SUPPLIED MATERIAL
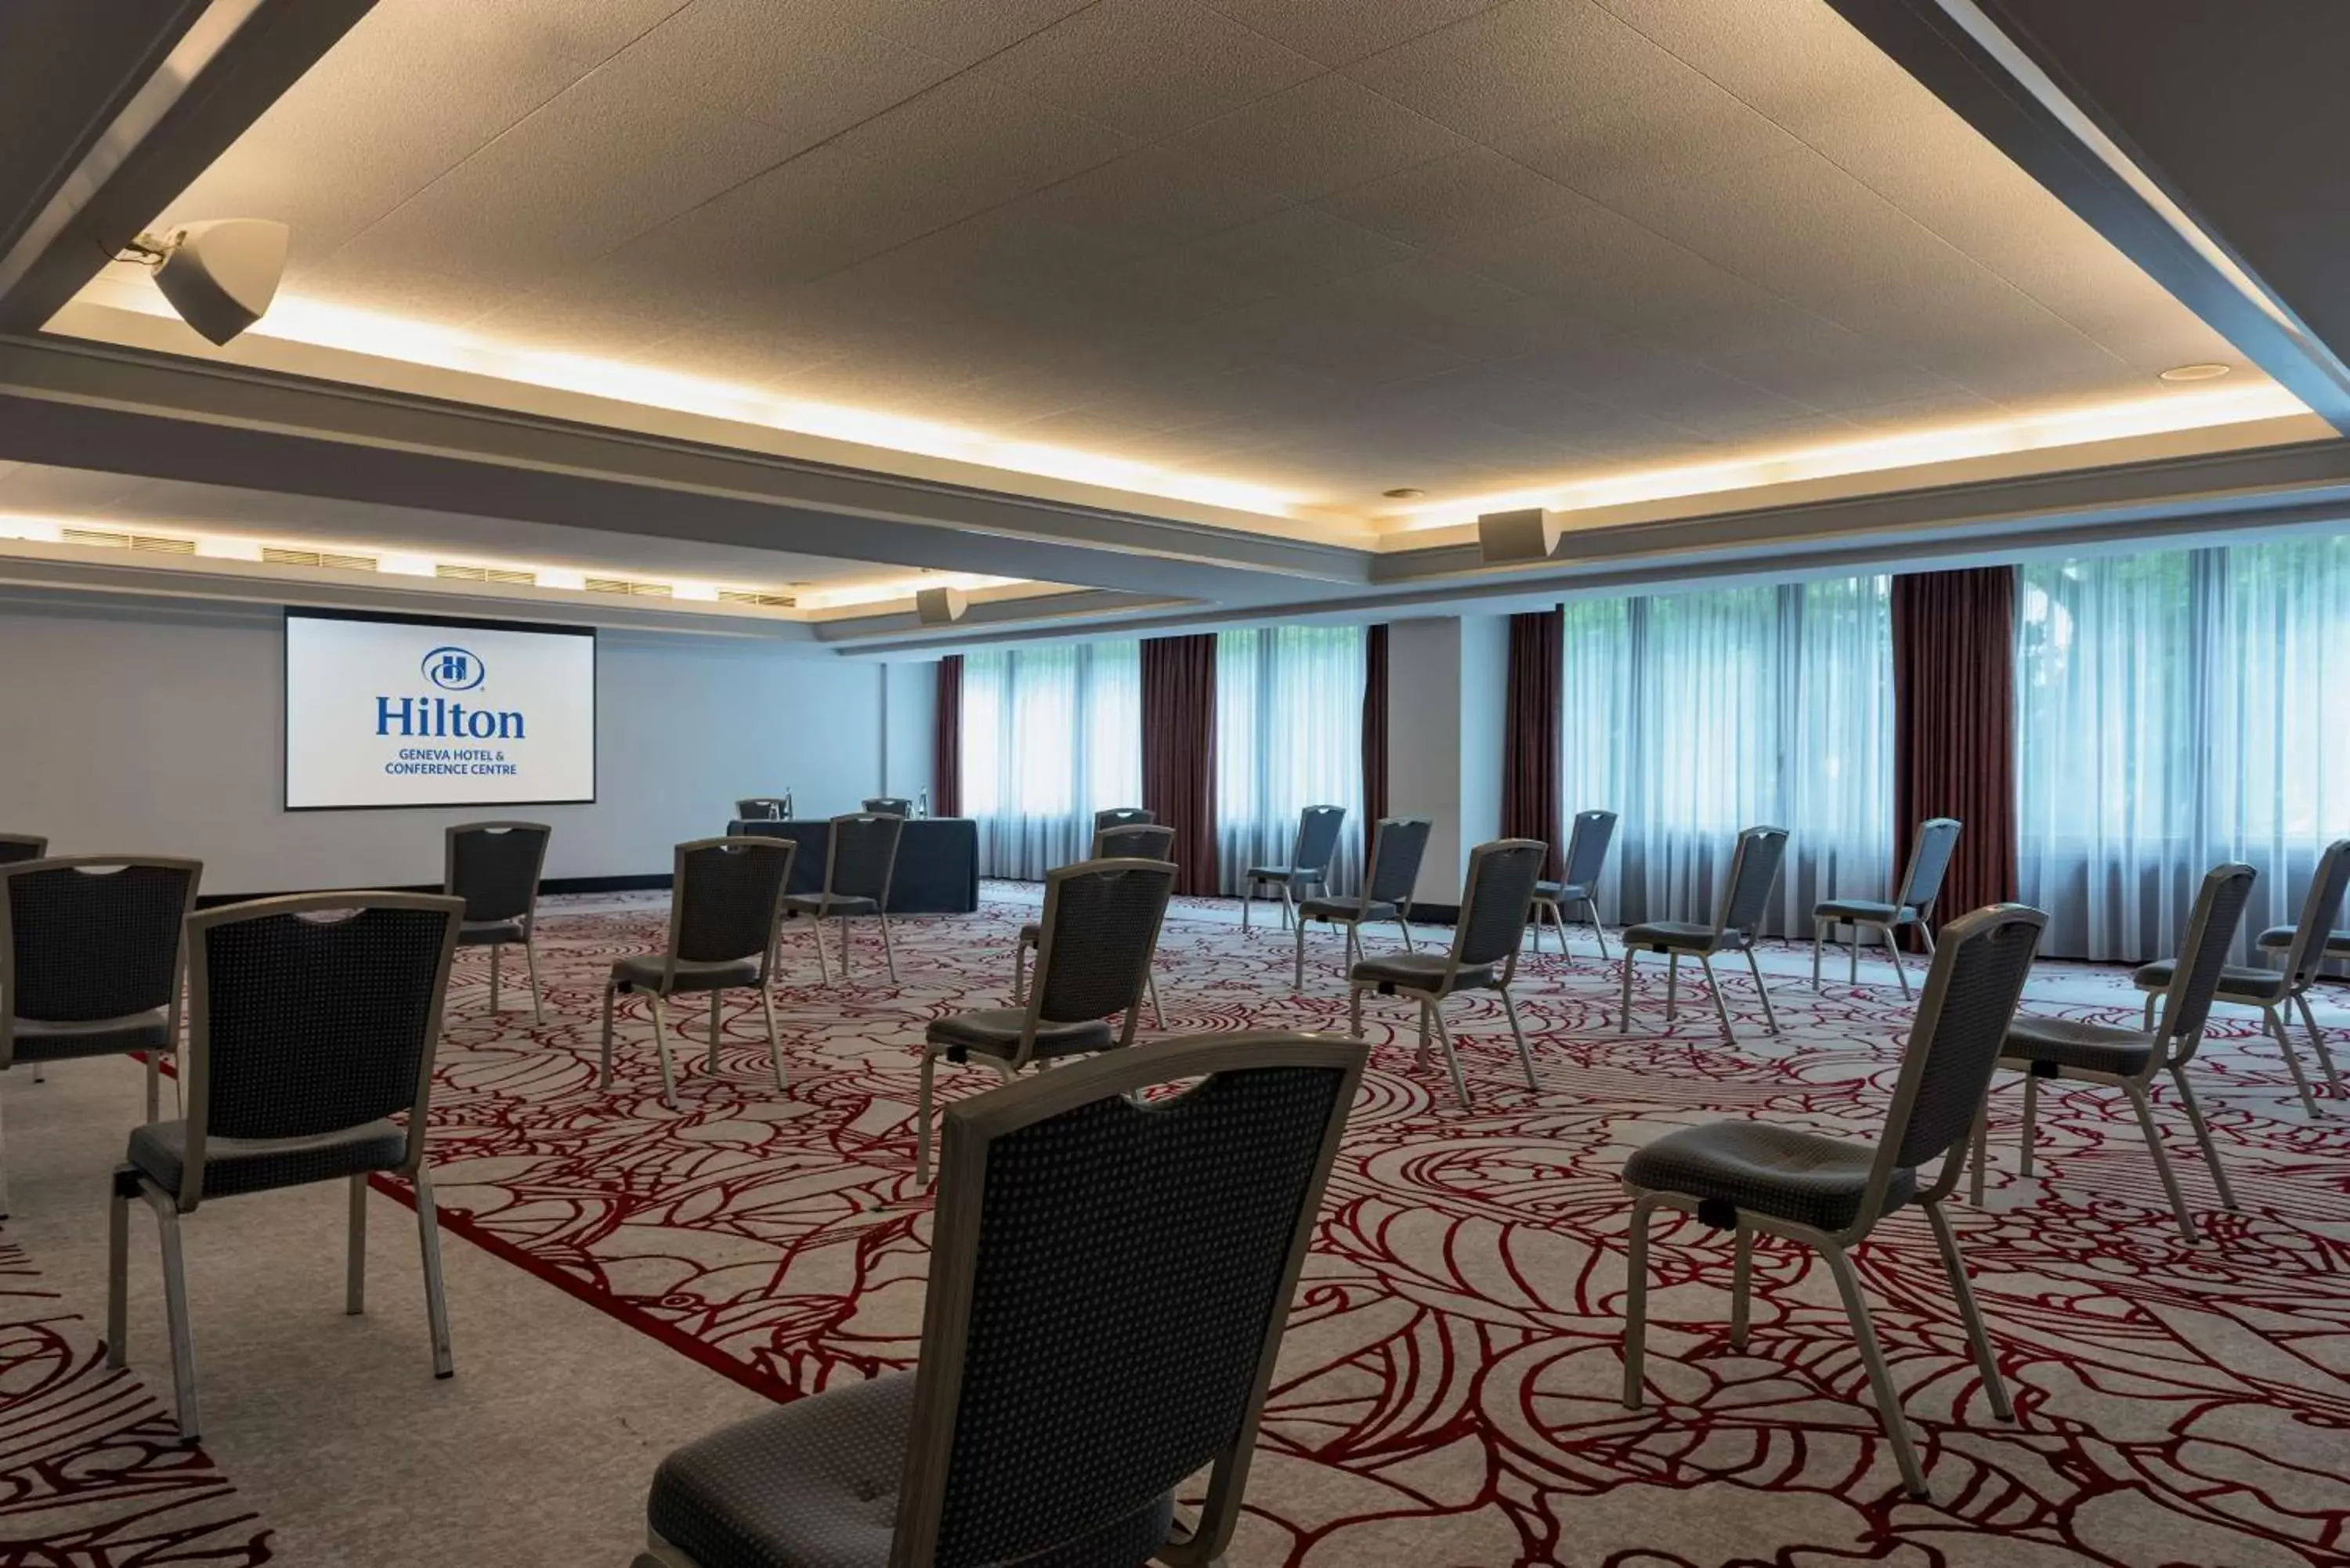 Meeting/conference room in Hilton Geneva Hotel and Conference Centre
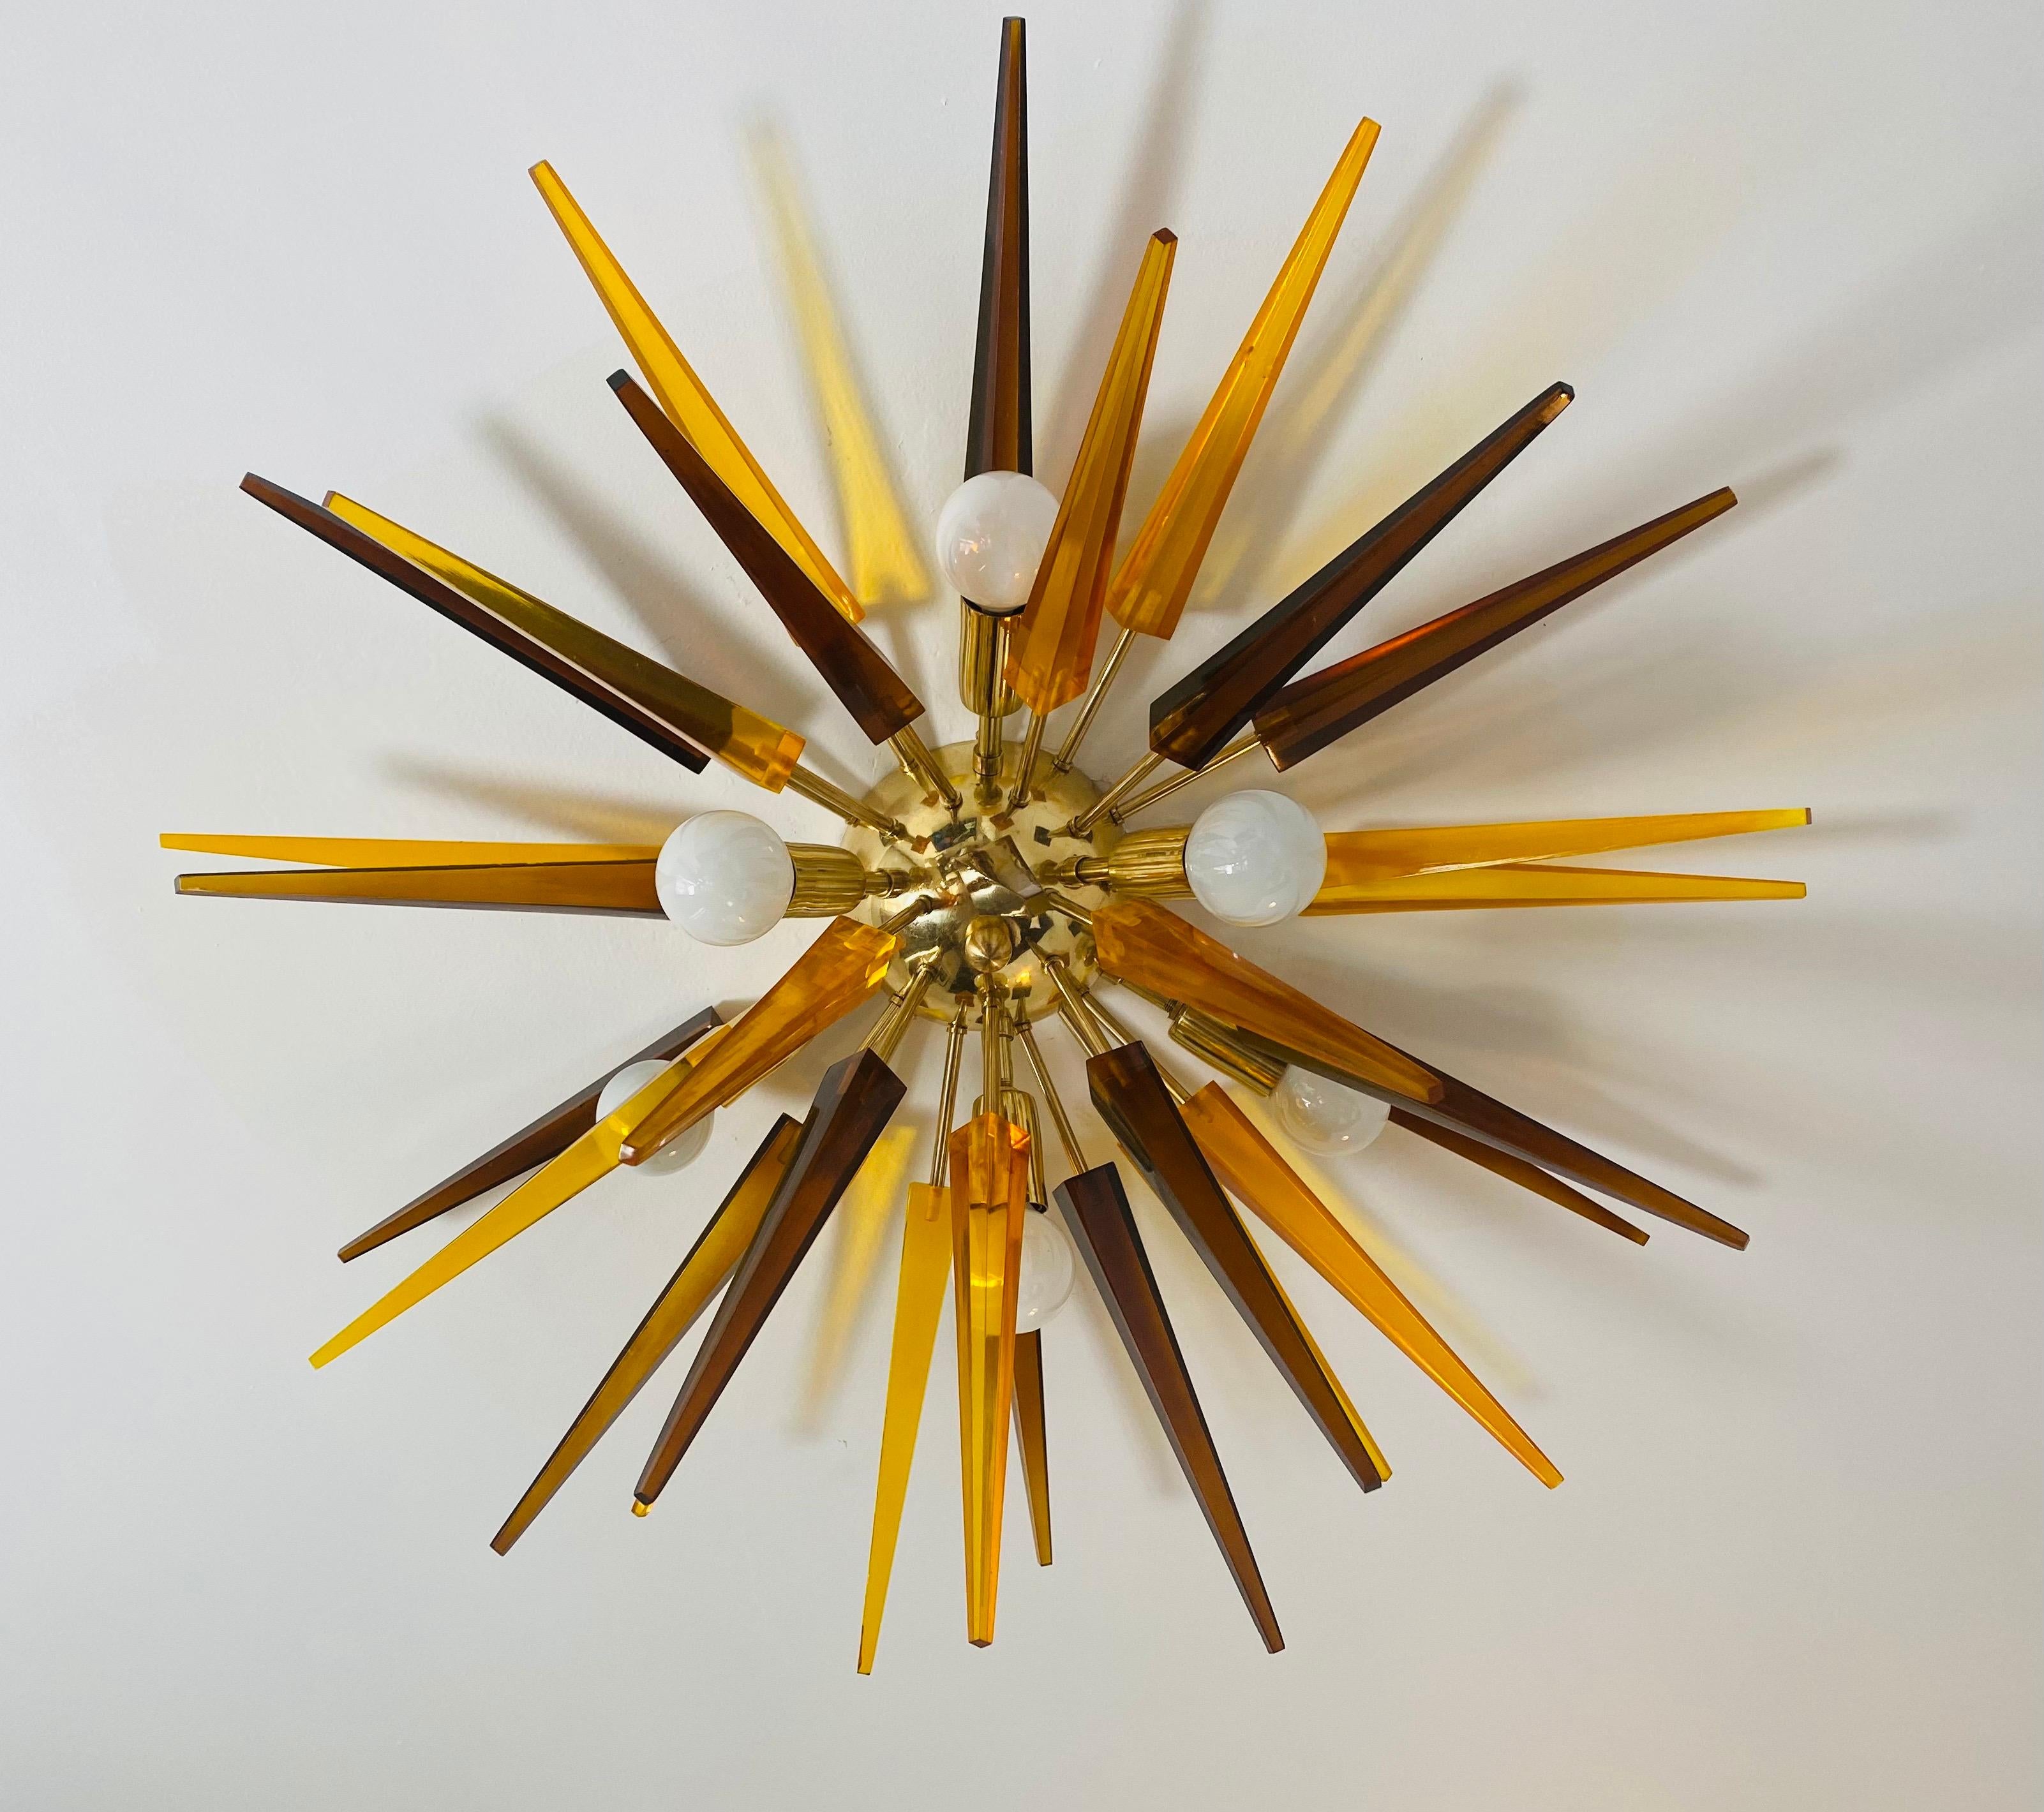 A wonderful orange and tea colored resin prisms on a golden brass fixture. Rewired. Six light sources. Can be used on the ceiling or wall.
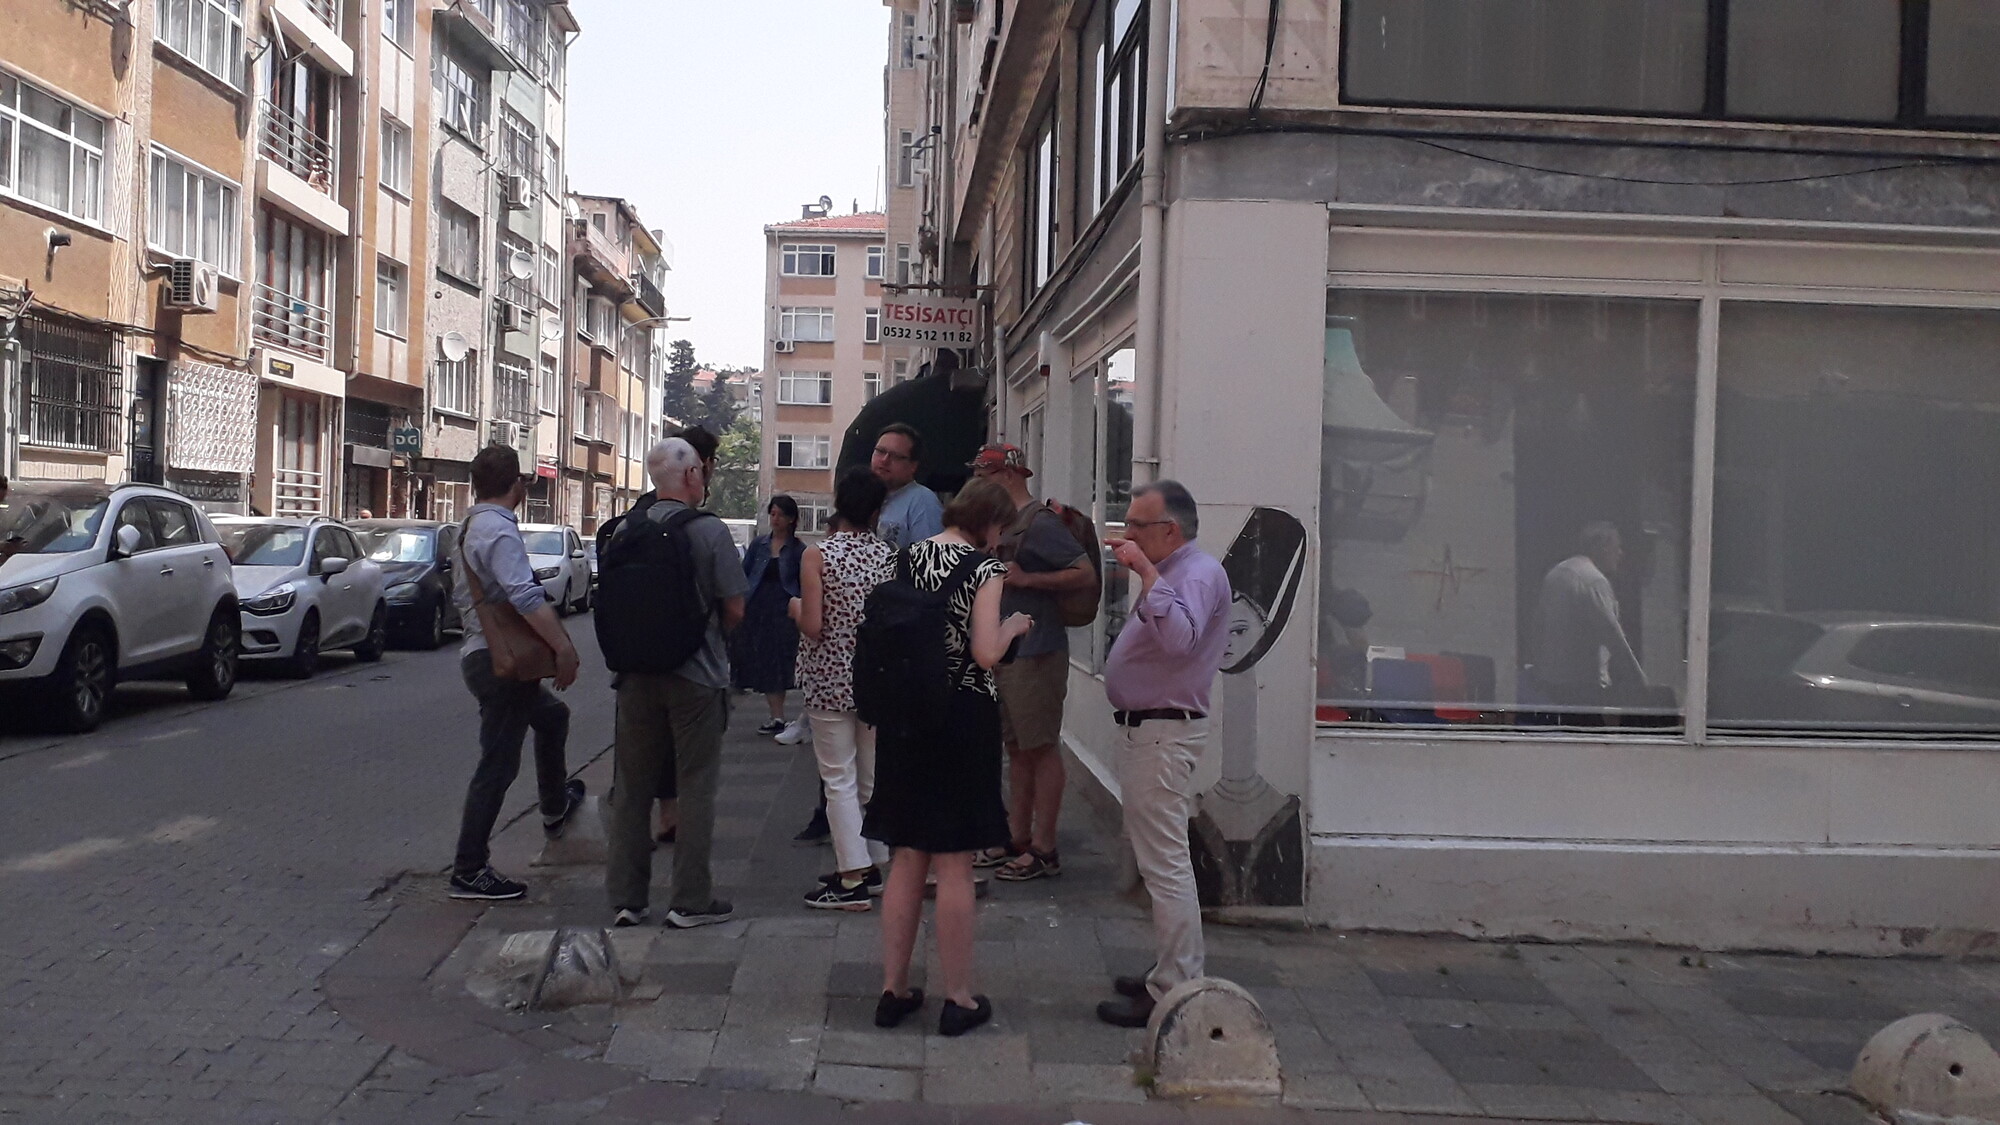 Several audience members gathered on the street discussing the show with one another.

REQUIREMENT
Please reproduce the material above word for word, without its images.

REPLY TO THE EXERCISE
 Meeting/conference room in Hilton Geneva Hotel and Conference Centre
 A wonderful orange and tea colored resin prisms on a golden brass fixture. Rewired. Six light sources. Can be used on the ceiling or wall.
 Several audience members gathered on the street discussing the show with one another.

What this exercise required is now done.